In one embodiment, the piston 16 is made from a highly thermally conductive material, such as aluminum or copper or the like. In another embodiment, the piston 16 is made from steel. Each piston 16 includes a cylindrical peripheral wall 24 extending from the front end to the rear end. From the front to the back, the wall 24 is tapered down to a thinner wall cross section such that it is thicker at the front end and is tapered down to a thinner wall cross section. The thicker part has higher heat capacity than the thinner part such that the thicker part transfers heat from the pad to the piston. Conversely, the thinner part has lower heat capacity, that is, more surface area per cross-sectional area, such that heat is not stored in the thinner part. Instead, heat is transferred to the coolant passage 22 in the caliper 12, as is detailed below.
In one embodiment, spring clips 26 connect the pistons 16 to one of the brake pads 14, as is described below. However, the piston 16 can be attached to the brake pads 14 with other attachment devices or in other ways. Where a spring clip 26 is used, in one embodiment the piston 16 includes a piston post 28 that projects from the rear axial end towards the disc 20. A cap 30 is provided on the end of the post 28. However, a spring clip 26 can connect the pistons 16 to one of the brake pads 14 in other ways, as is known in the art.
The caliper 12 includes a housing 32 having first and second sections 34, 36 connected to one another by a bridge portion 38 spanning a slot 40 that has a longitudinal centerline containing the disc 20. The first section 34 includes first and second piston bores 18a, 18b. The second section 36 includes third and fourth piston bores 18c, 19d. The piston bores 18a, 18b located on the first section 34 extend through the housing 32 such that each bore 18a, 18b defines an opening 42 in the housing 32 through which a pair of axially opposed pistons 16 is installed. Although the disc brake assemblies 10 is described herein as a caliper 12 in which axially opposed pistons 16 are installed from a single side, the caliper 12 can also be one in which the axially opposed pistons 16 are installed from two sides.
A plug 44 is threadably received in each opening 42. A hydraulic seal 46 is disposed in a groove 48 on the outer surface of each plug 44. The illustrated housing 32 is a fixed mount, four piston housing supporting two pairs of axially-movable pistons 16, which are mounted in each of the first and second sections 34, 36. Although the caliper 12 is described herein as a fixed caliper, the invention is also applicable to floating calipers.
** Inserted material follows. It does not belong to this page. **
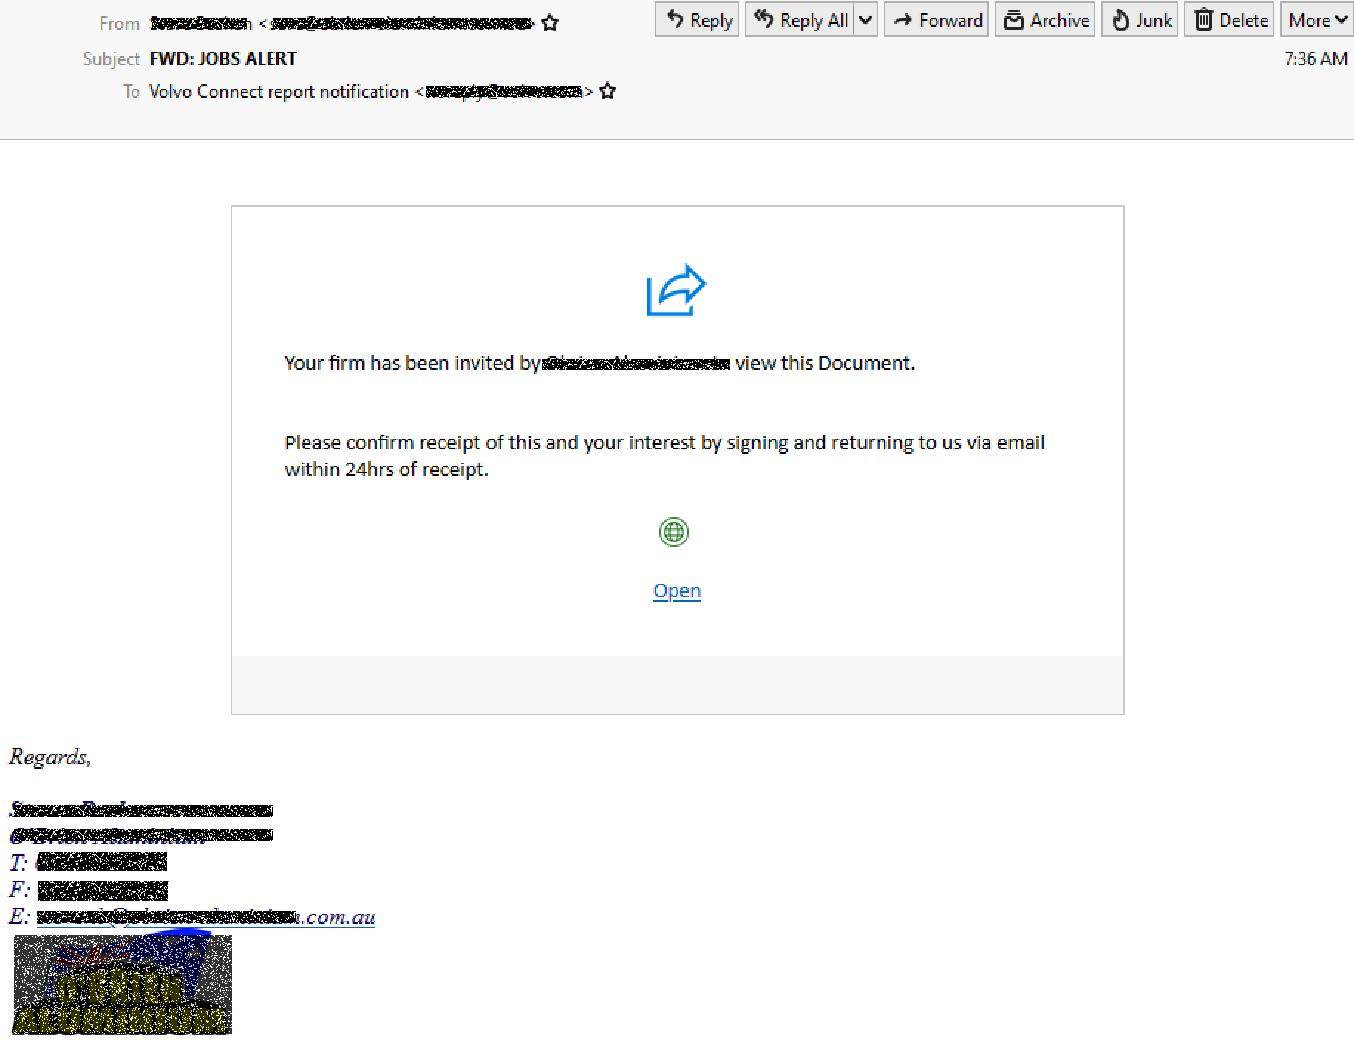 jobs-alert-email-01

The housing 32 is a metal housing, preferably made from aluminum or cast iron. Cast aluminum is lightweight, can be cast with complex internal and external features, and has high thermal conductivity. The high thermal conductivity promotes efficient conductive heat transfer from operative components of the caliper (namely, the brake pads and pistons) to coolant in the coolant passage as detailed below. Preferably, the entire housing 32, including both sections 34, 36 and the bridge portion 38, is a one-piece, cast body. A one-piece body is easier and less expensive to manufacture than a multiple-piece body. For example, a one-piece caliper eliminates many of the machining requirements that are necessary when manufacturing multiple-piece calipers. A one-piece aluminum housing is also very lightweight. The weight reduction results in an increased power-to-weight ratio—an important benefit in high-performance motorcycles and other vehicles. The housing could, alternatively, be a multiple-piece cast aluminum or iron body, the parts of which are bolted or otherwise connected together.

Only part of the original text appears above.